Originally built as a religious healing center, Epidaurus was later used for entertainment. However, unlike the silent films of the early 1900s, the theater was not only the place to go see but to go listen as it is renowned for its exceptional acoustics. The theater can hold up to 14,000 spectators who can all hear speakers on the stage perfectly without a single microphone.

Watch the below YouTube video to see a firsthand demonstration of what it would sound like to be in the theater.

How do the acoustics work in this amphitheater so that ancient Greeks sitting in the last row could hear unamplified sound just as clearly as those sitting in the first? This architectural masterpiece has been subject to many theories and speculation, ranging from selective hearing, to ancient actors wearing sound amplifying masks, to the slope of the theater allowing for sound to echo. Assumptions went back as long ago as the 1st Century BCE, when the Roman architect Vitruvius said:

“By the rules of mathematics and the method of music, they sought to make the voices from the stage rise more clearly and sweetly to the spectators’ ears… by the arrangement of theatres in accordance with the science of harmony, the ancients increased the power of the voice.”

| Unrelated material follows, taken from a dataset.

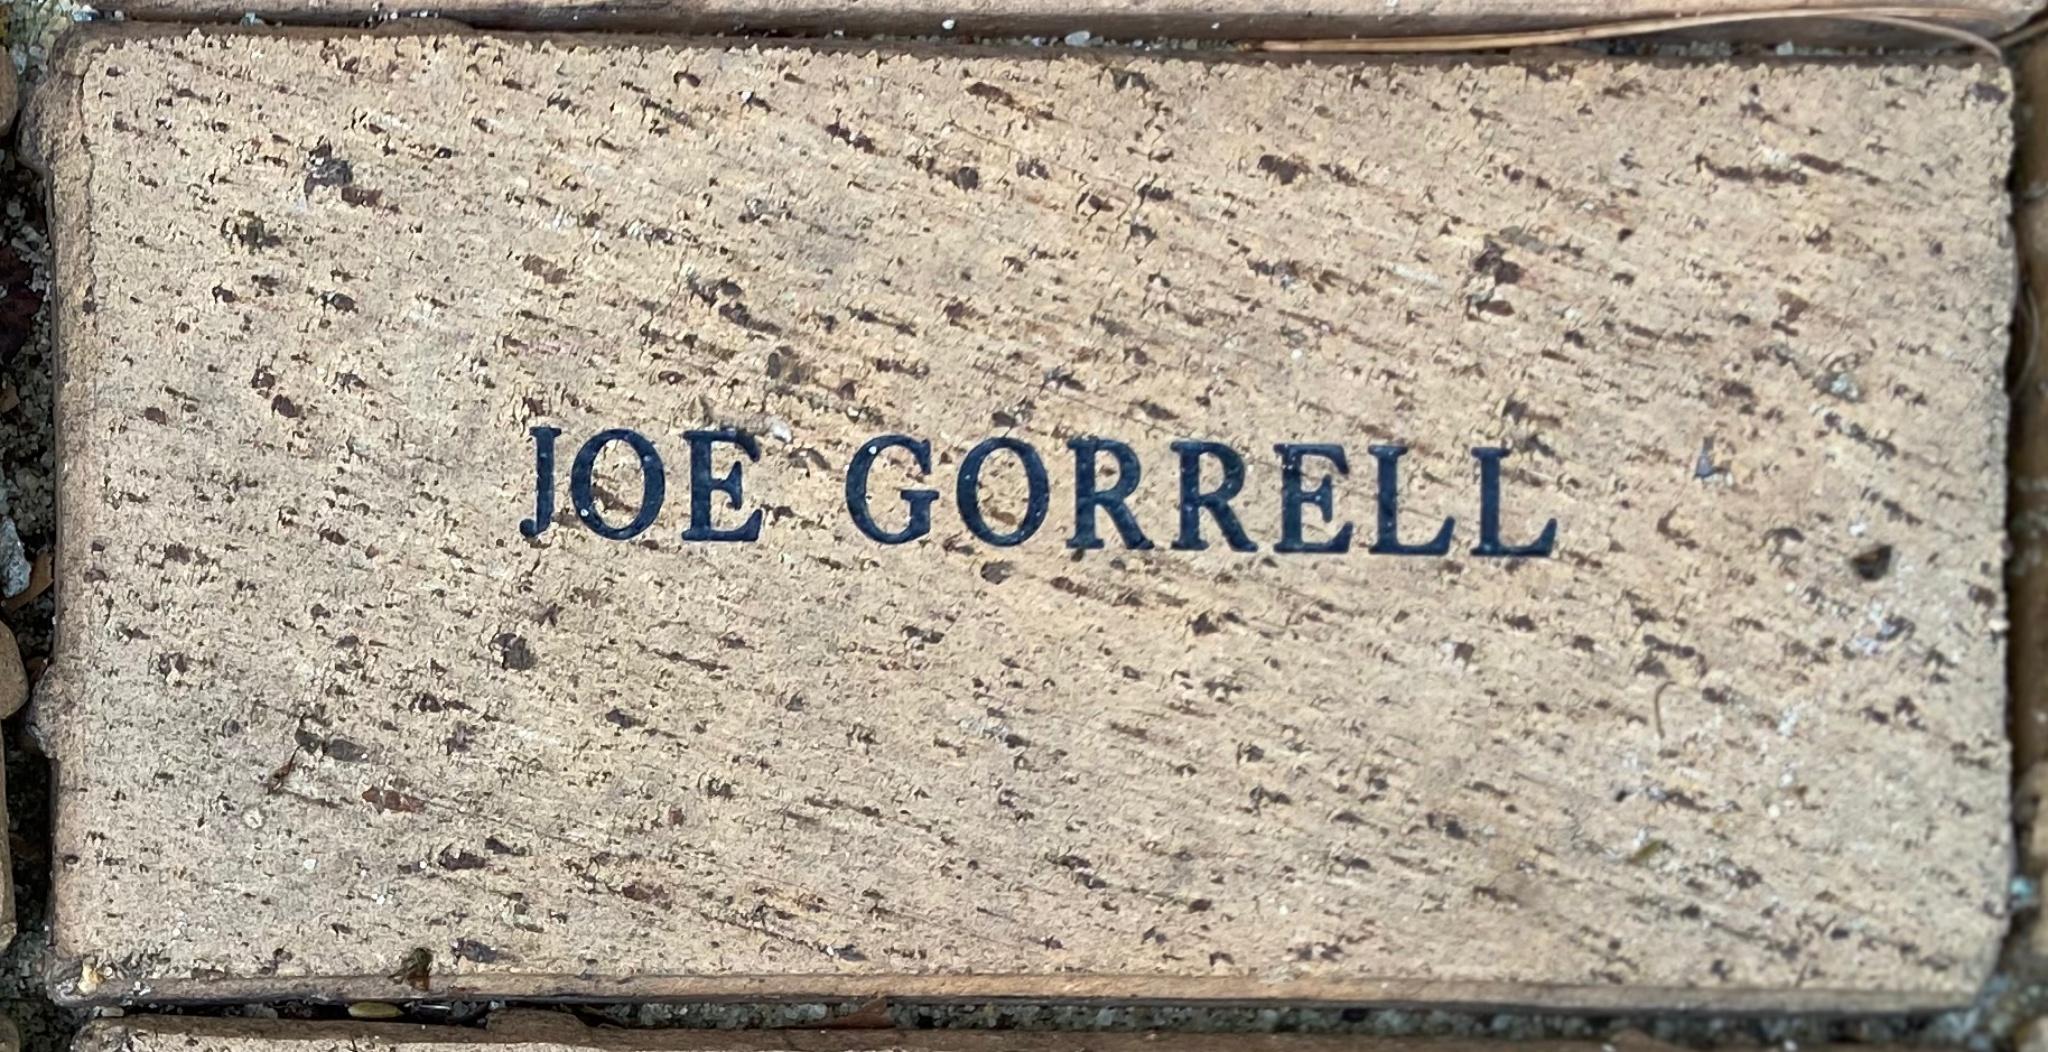 JOE GORRELL

Researchers at the Georgia Institute of Technology found the answer and it was none of the above. By conducting a series of experiments with ultrasonic waves they discovered that the seats made of limestone and bearing corrugations, allow for a filtering effect on background noise by suppressing low frequencies such as wind and the movement of people. At the same time, the seats also reflect high-frequency sounds back towards the audience, thus magnifying the effect.

This is known as an acoustic trap and creates a higher clarity of sound. If you’re questioning the effect of filtering out low frequency sounds coming from the actors on stage, worry not because of a phenomenon known as virtual pitch. The virtual pitch phenomenon refers to how the human brain can reconstruct missing frequencies. A good example of this effect would be speaking to someone on a phone with no low end.

Interestingly enough, it seems as if the architect who designed the Epidaurus Theatre didn’t realize he was creating a sonic masterpiece. The effect has been attempted in different replications over the years but has not been successful since other theaters used wood or other materials for their seating; the natural acoustics don’t sound nearly as good.

It is true that modern theaters like IMAX can depend on other innovations to increase audibility but Nico Declercq, the lead researcher involved in the study done by GIT, says that the acoustic trap might still be a good idea: “In certain situations such as sports stadiums or open-air theaters, I believe the right choice of the seat row periodicity or of the steps underneath the chairs may be important.”